Local historian and Fort Lewis College history professor emeritus Duane Smith said long ago lores continue to feed into the myth that the Animas is a historically ill-fated place.

Smith tried for years to confirm a popular legend that an expedition of Spanish soldiers and civilians drowned while trying to cross the Animas River – to no avail.

“It’s just one of those great legends,” Smith said. “And some of those legends are hard to prove.”

Thompson said that when he was growing up, playing with his friends along the banks of the Animas River, his grandmother used to tell them that if they fell in the Animas, they would end up as one of those lost souls.

“It worked,” Thompson said. “I was scared ... of one section … where the bank had eroded away in a place where there were some big cottonwood trees, so the water was all green and murky and probably pretty deep, and it had these backless stumps and branches sticking out that had been worn smooth by the water so they looked like giant bones of some creature.
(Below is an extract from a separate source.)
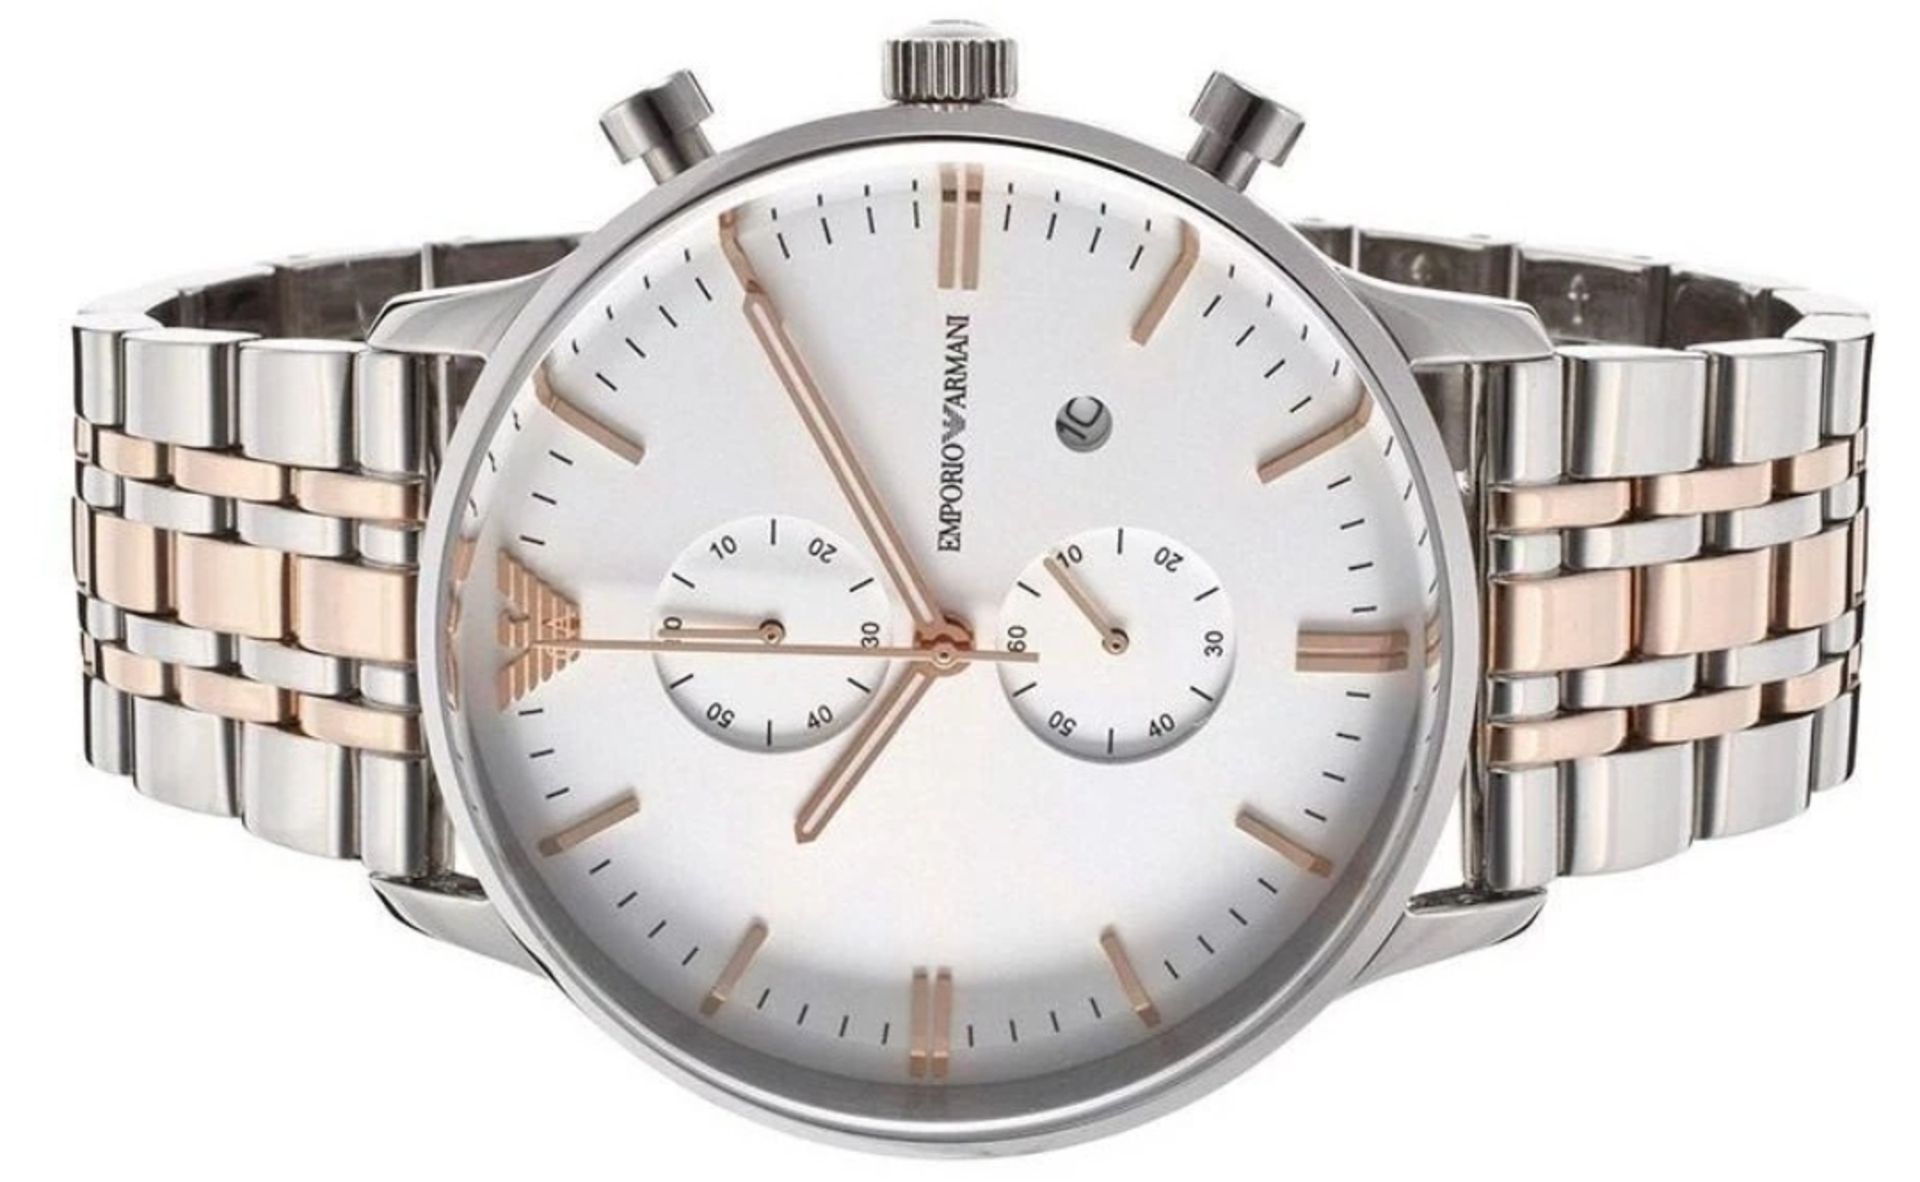 Emporio Armani AR0399 Men's Gianni Stainless Steel Bracelet Chronograph Watch - Image 2 of 4

And because of all the snags in the river there, there were a lot of pretty serious eddies, which my parents called ‘the undertow’ that would allegedly suck you under.”

Another friend’s mom would tell the neighborhood kids the story of “La Lloronoa,” the ghost of a woman who lost her child to the river and now roams the banks, looking to grab other kids into its waters.

“So that just scared us even more, although it didn’t really keep us away from the river,” Thompson said. “At least not in the daytime. At night? Different story.”

Perhaps that’s how a name like the River of Lost Souls sticks.